● **What you will do**
Word for word and without images, reproduce the listing that follows.

● **Stored data**
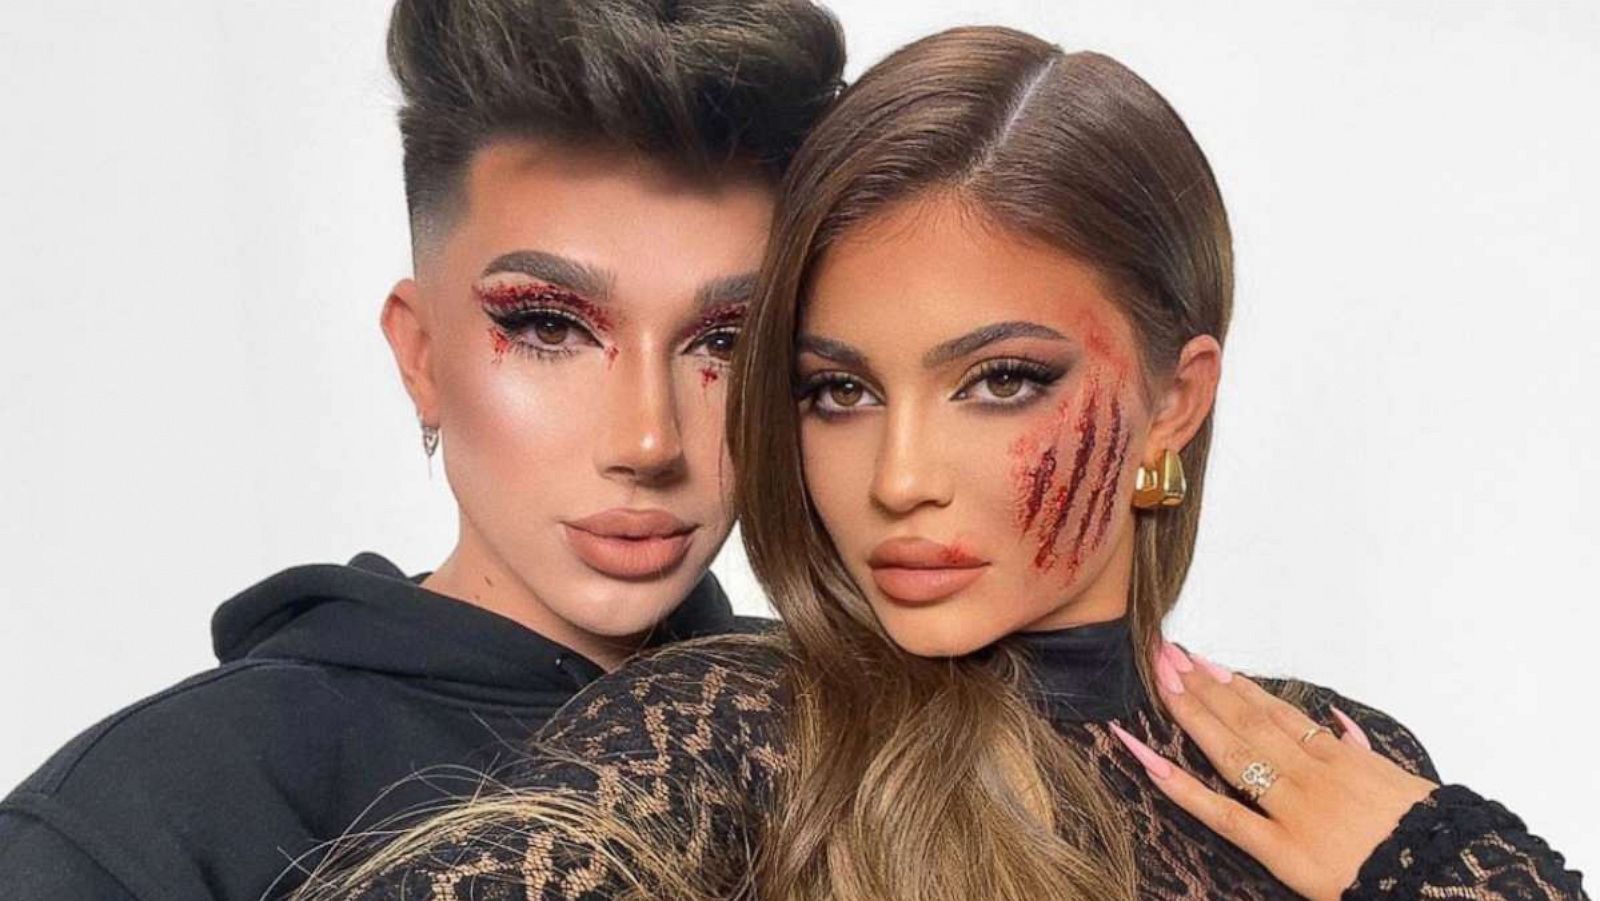 James Charles does Kylie Jenner's Halloween makeup - Good Morning America
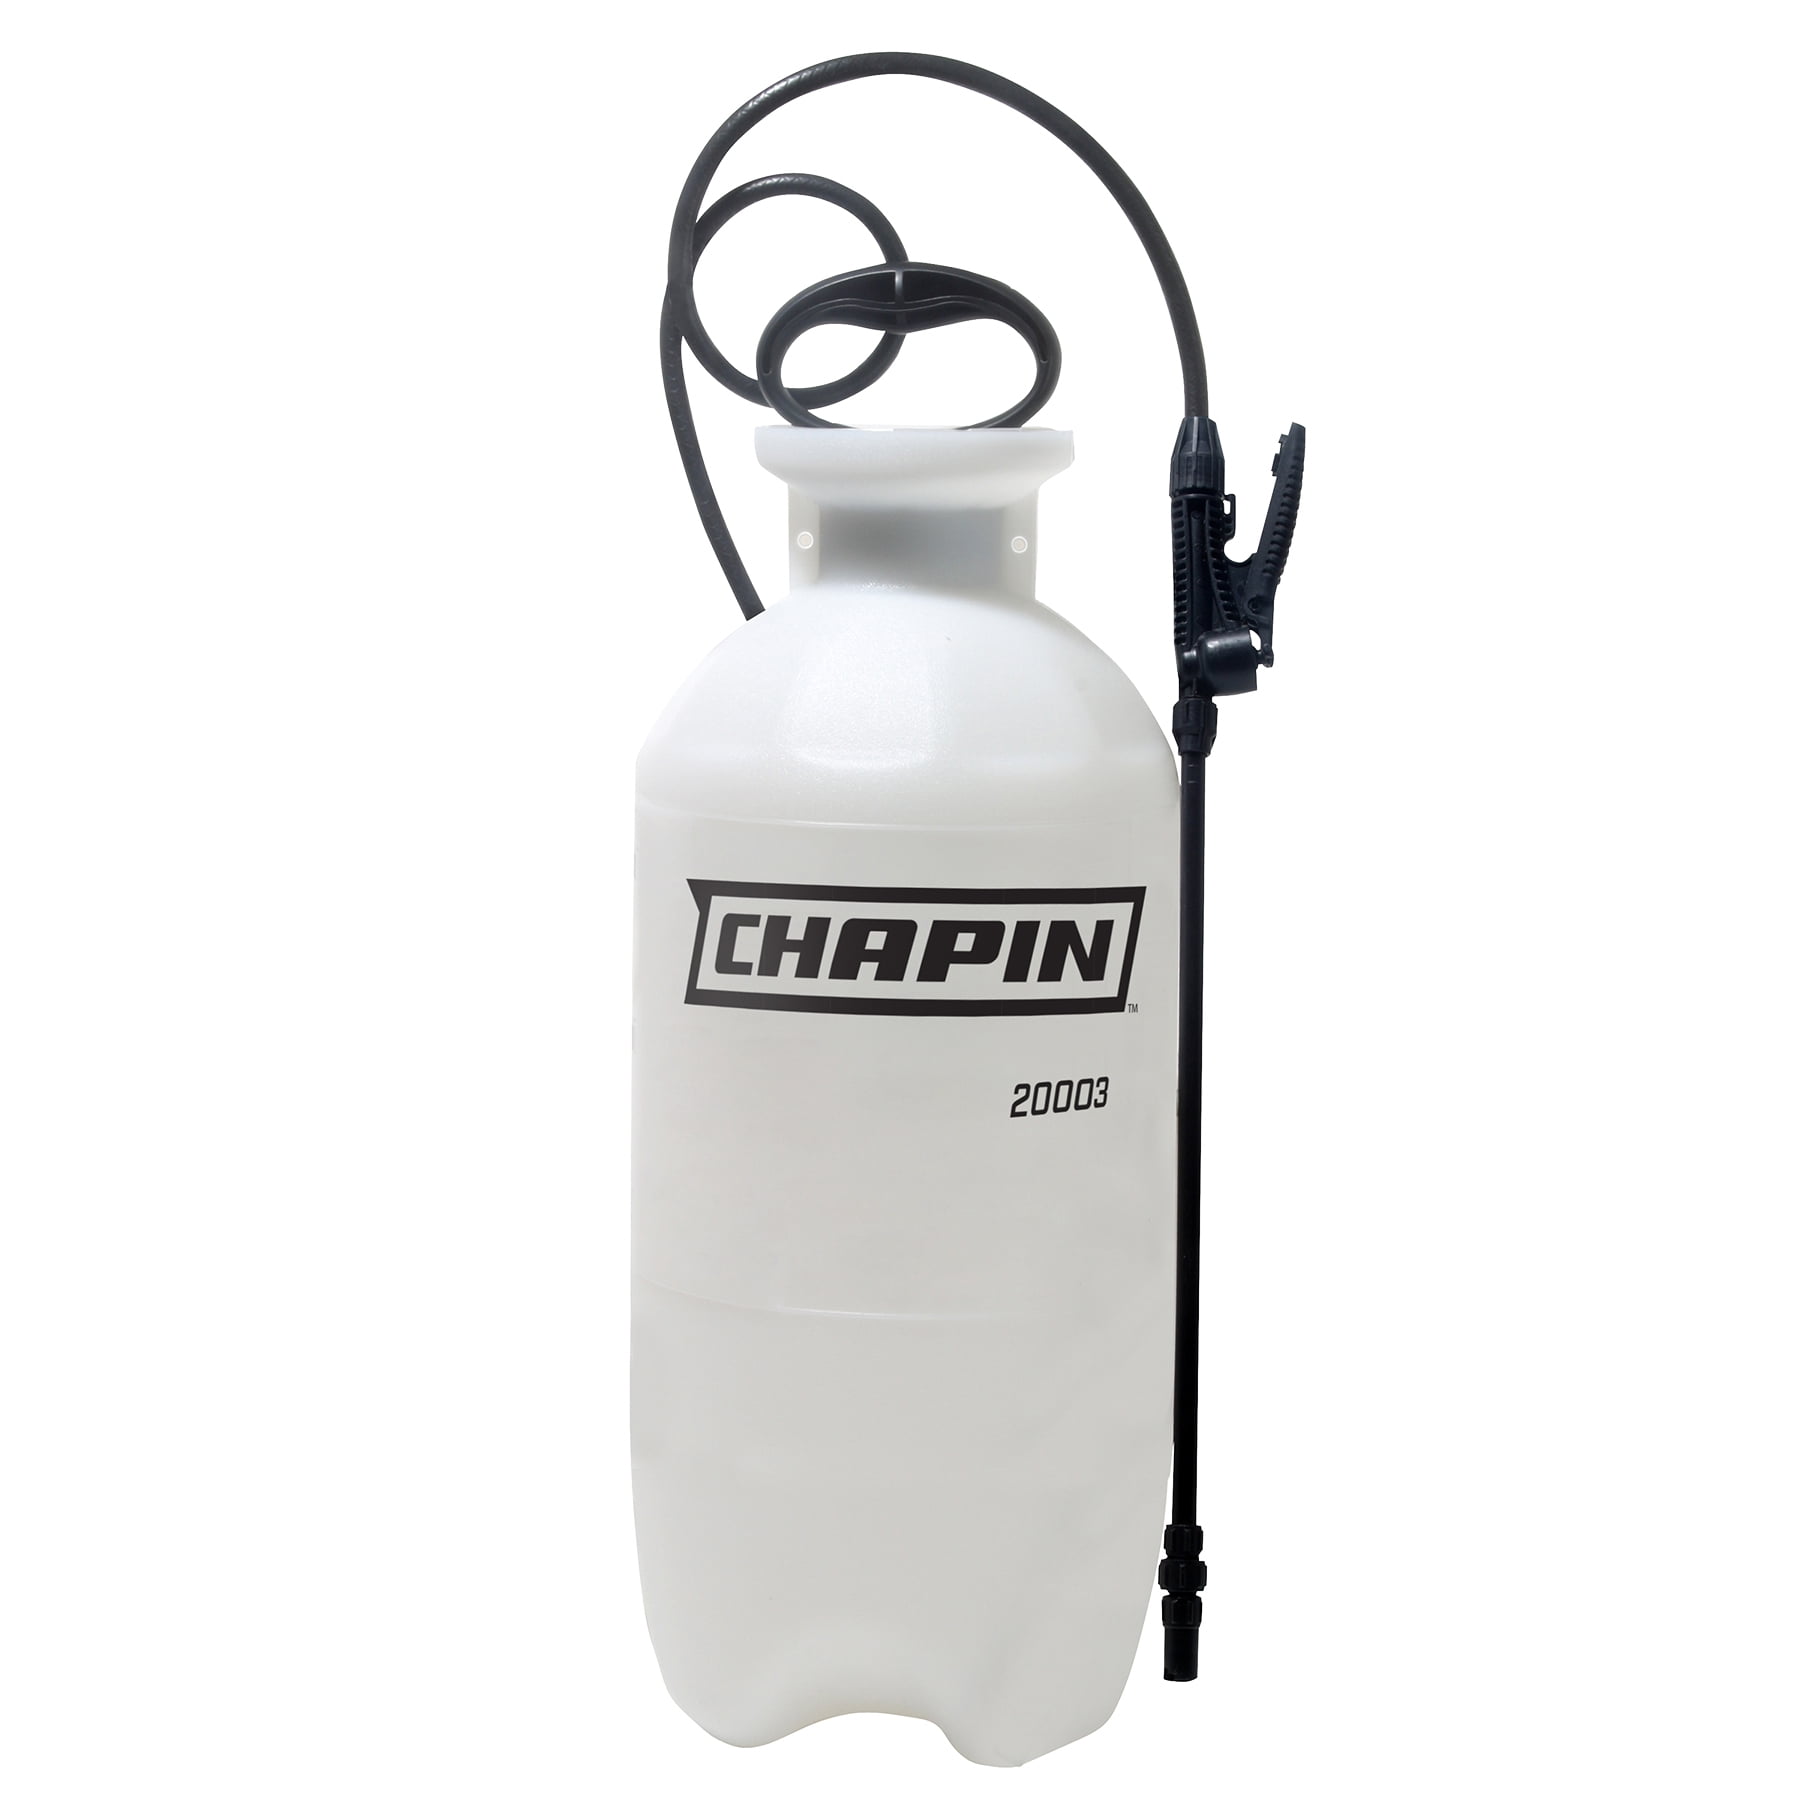 1 Gallon CHAPIN Lawn and Garden Sprayer Home Project Pest Control Fertilizers 
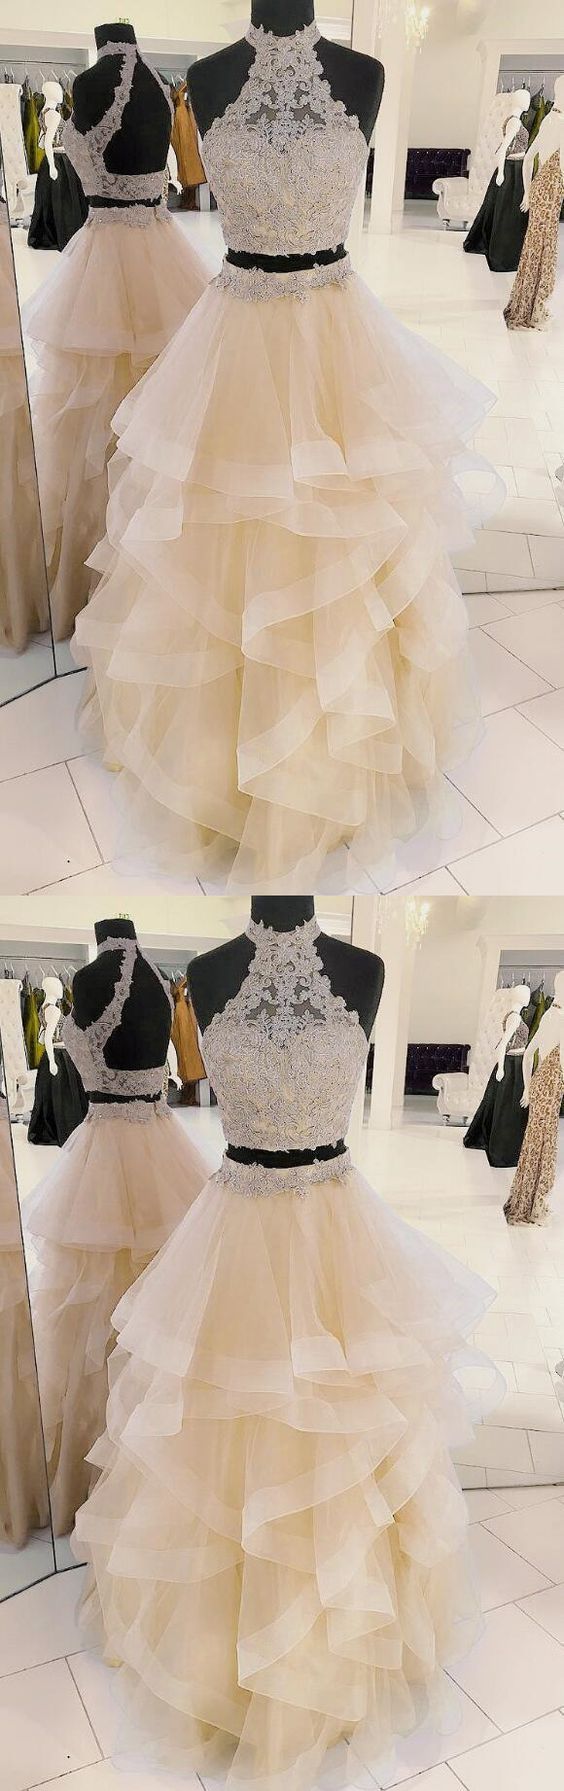 Halter Champagne Prom Dress,New Arrival Two-Piece Prom Dress,Cheap prom Dress,Beading Prom Dress,Tulle Long Prom/Evening Dress with Applique cg984

● **Task answer**
 James Charles does Kylie Jenner's Halloween makeup - Good Morning America
 1 Gallon CHAPIN Lawn and Garden Sprayer Home Project Pest Control Fertilizers 
 Halter Champagne Prom Dress,New Arrival Two-Piece Prom Dress,Cheap prom Dress,Beading Prom Dress,Tulle Long Prom/Evening Dress with Applique cg984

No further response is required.